Bebop 1945-1950: Tadd Dameron

February 18, 2021- Today's Bebop Era Topic: Tadd Dameron

Tadd Dameron was a brilliant composer and arranger and one of the first to show that bebop could be orchestrated for larger ensembles. Many of his compositions such as "Hot House," "Good Bait," "If You Could See Me Now" and "Our Delight" became jazz standards.

He was born in Cleveland in 1917 and came onto the jazz scene in the late nineteen thirties without much formal musical education.  He first drew attention writing for Harlan Leonard and His Rockets in Kansas City.

In the early nineteen forties he moved to New York and soon embraced the new music that was happening in Harlem.  He had crossed paths with Charlie Parker in Kansas City so he already had some idea of where things were headed.

When Billy Eckstine formed his bop oriented big band in 1944, Dameron added several things to the book including Our Delight and Cool Breeze.

In 1945 Dizzy Gillespie and Charlie Parker recorded Hot House which was his original line based on "What is this Thing Called Love."  

When Dizzy Gillespie formed his big band in 1946 he used several of the arrangements that Dameron had written for Eckstine and also commissioned Dameron to write new works as well.

In addition to writing for others, Dameron led his own band during the late nineteen forties and became somewhat of a house band at the Royal Roost in New York. His quintet included Fats Navarro and Allen Eager and they often accompanied guest musicians such as Dexter Gordon, Wardell Gray and Milt Jackson. He also debuted his forward looking “Big Ten” at the Roost in 1949.

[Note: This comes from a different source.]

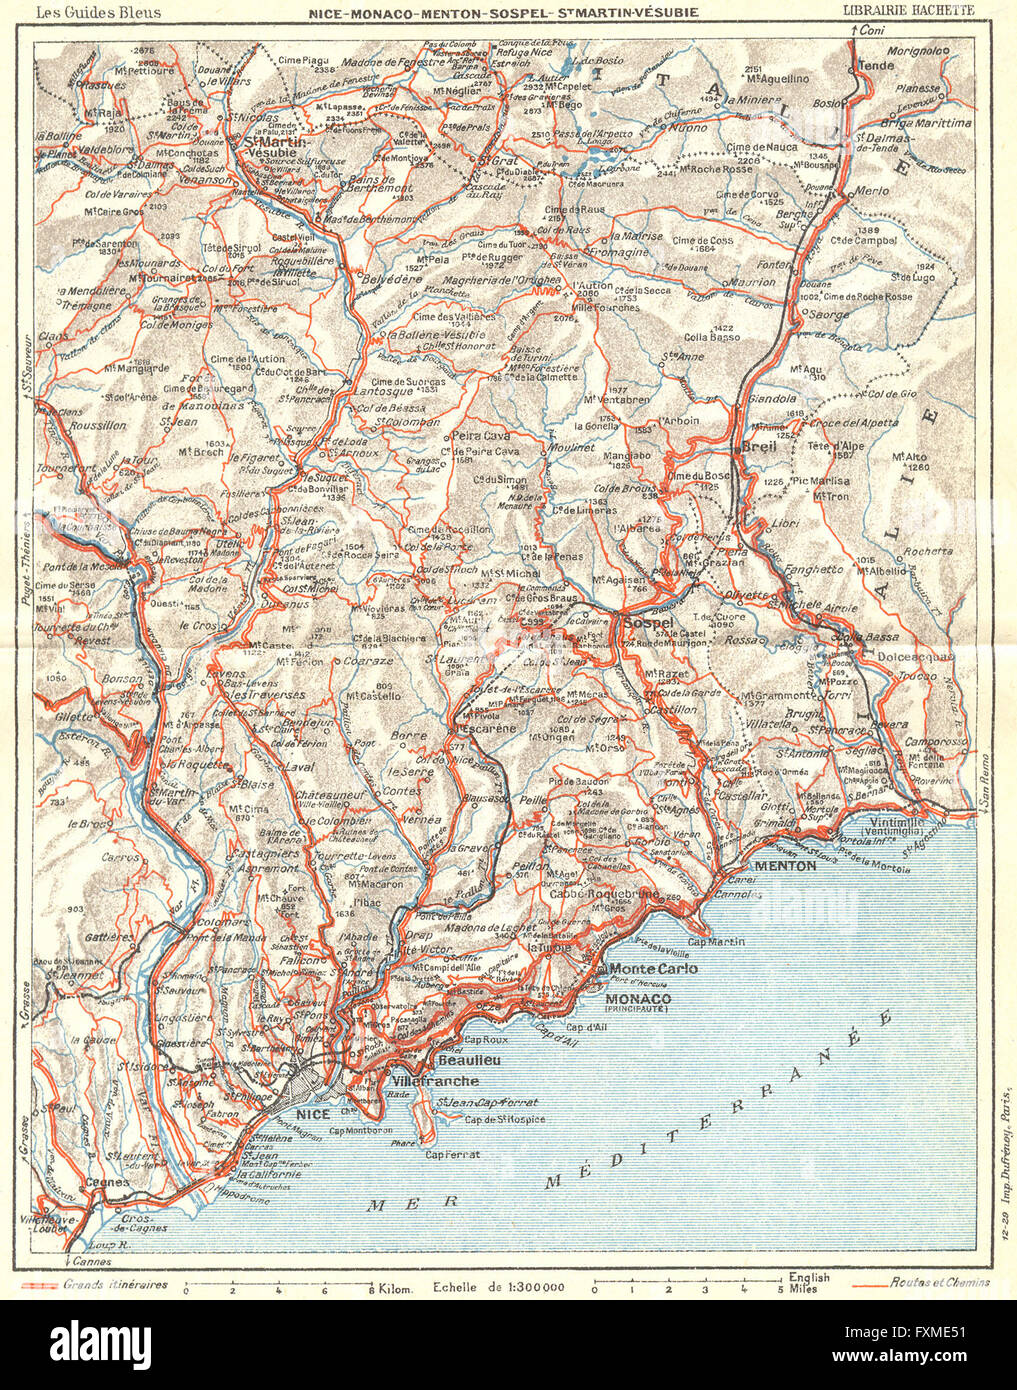 COTE D'AZUR: Nice Monaco Menton Vesubie, 1926 vintage map Stock Photo

Dameron’s writing style was personal and unique and was influenced by a number of sources including Duke Ellington and the french impressionists Debussy and Ravel. His music was extremely lyrical and displayed a depth of emotional expression.

In a Metronome Magazine interview in 1947 he said “There’s enough ugliness in the world, I’m interested in beauty.”

Dameron was an integral part of the bop vocal movement working with pioneer singer Babs Gonzales in his Three Bips and a Bop group.